When should you quit your job for a side project?


I'm curious what people here think about this question.

If you plan on working on a side-project that might make you money, or build a startup, when do you think is the best time to quit your job?

Is it when you make enough to live by yourself? When you validate that the idea works? When you realize you don't have enough time for both? Or simply at the very beginning?

What do you think are the reasons for which you should stay longer or less?


  👤 JohnFen Accepted Answer ✓
My opinion on this is just that -- mine. This is what I've found works for me, and I in no way assert that it works for anybody else.

If I intend on embarking on a side-project with an eye toward commercializing it, I quit my day job immediately. I cannot divide my attention between two serious endeavors like that, and as long as I'm thinking of, and treating, it as a "side project", I won't give it the time and attention it needs in order to have a chance of success.

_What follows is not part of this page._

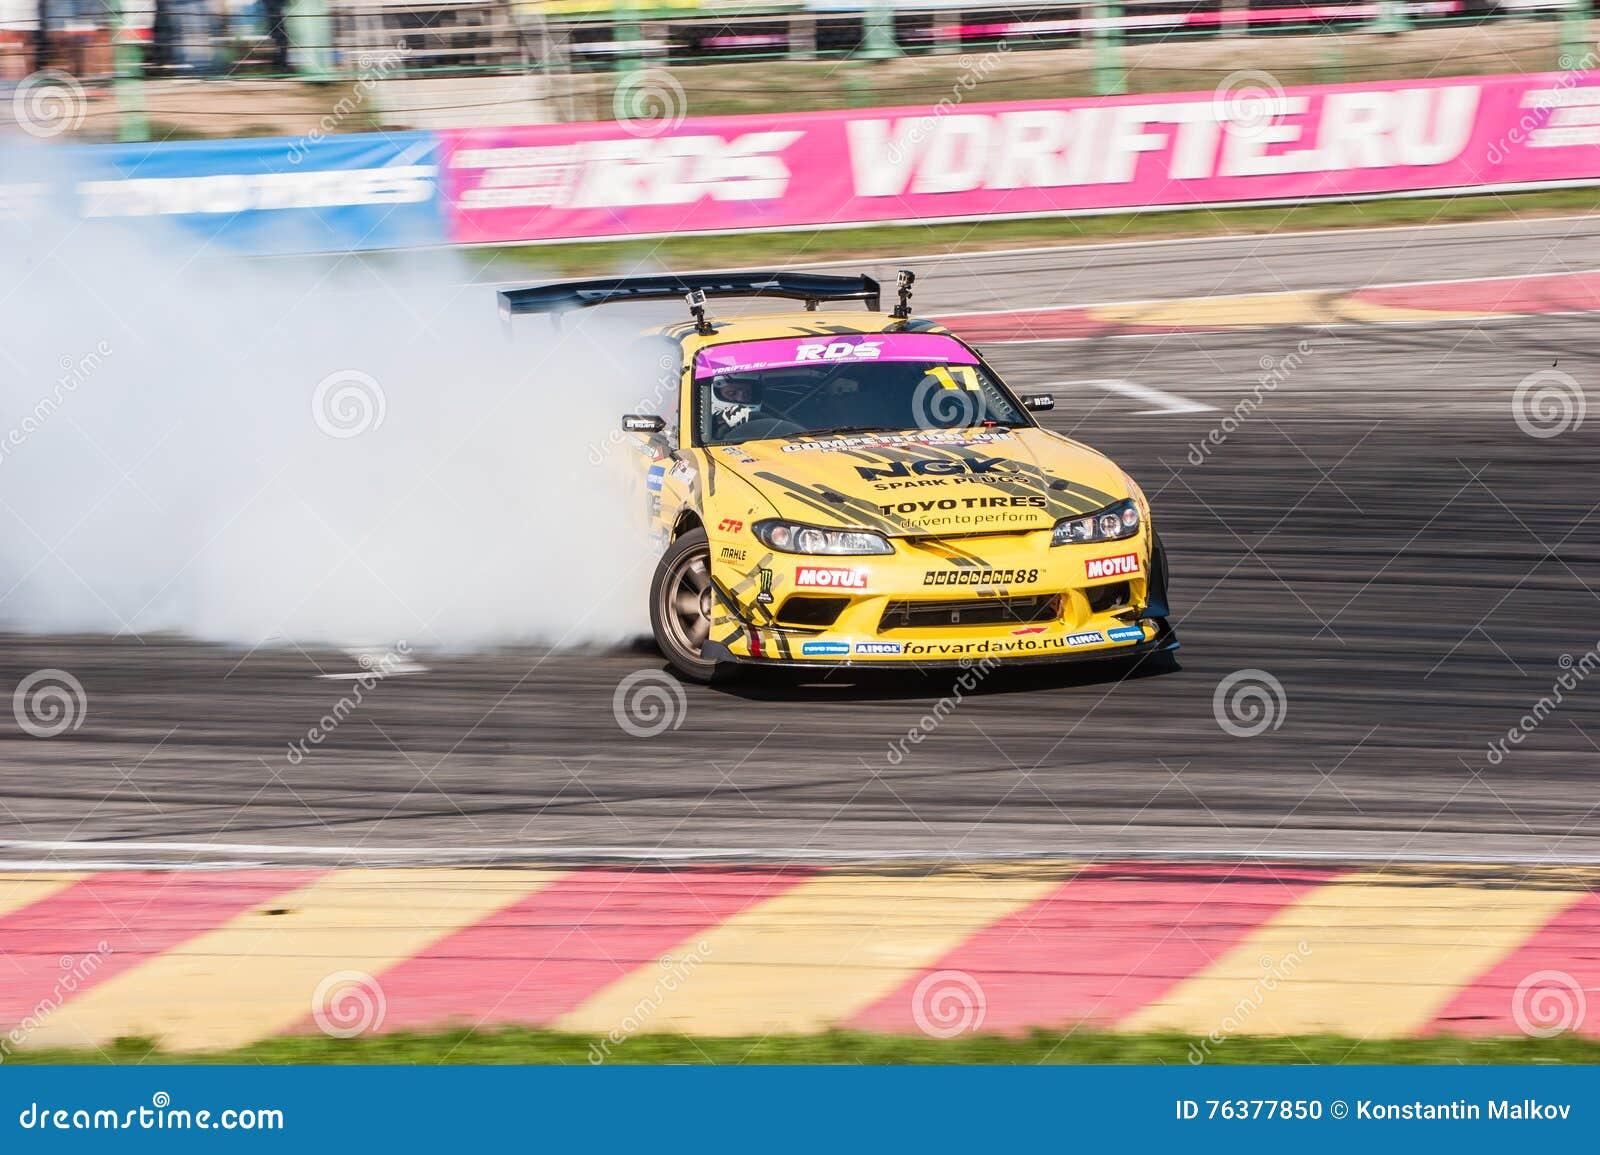 Nizhny Novgorod Russia Aug 20, 2016 : Russian Drift Series Stage 5 RDS Zapad West Chivchyan George Gocha. Nissan Silvia

I do want some money stored up for the purpose first (forever separate from my regular life savings), and if I don't have that then I'll delay starting work on the project until I do. That said, it shouldn't be a huge amount of money. Too much money gums up the works and reduces the odds of success. I want enough of a war chest to make the venture possible, but not much more. I need to be broke enough that I'm carefully considering expenditures and revenue, and to have enough risk and fear to keep driving me through the inevitable hard times. It also forces me to seek some kind of revenue stream as soon as possible, which I've found is good for the project in many, many ways.

I need to go into a venture hungry and scared.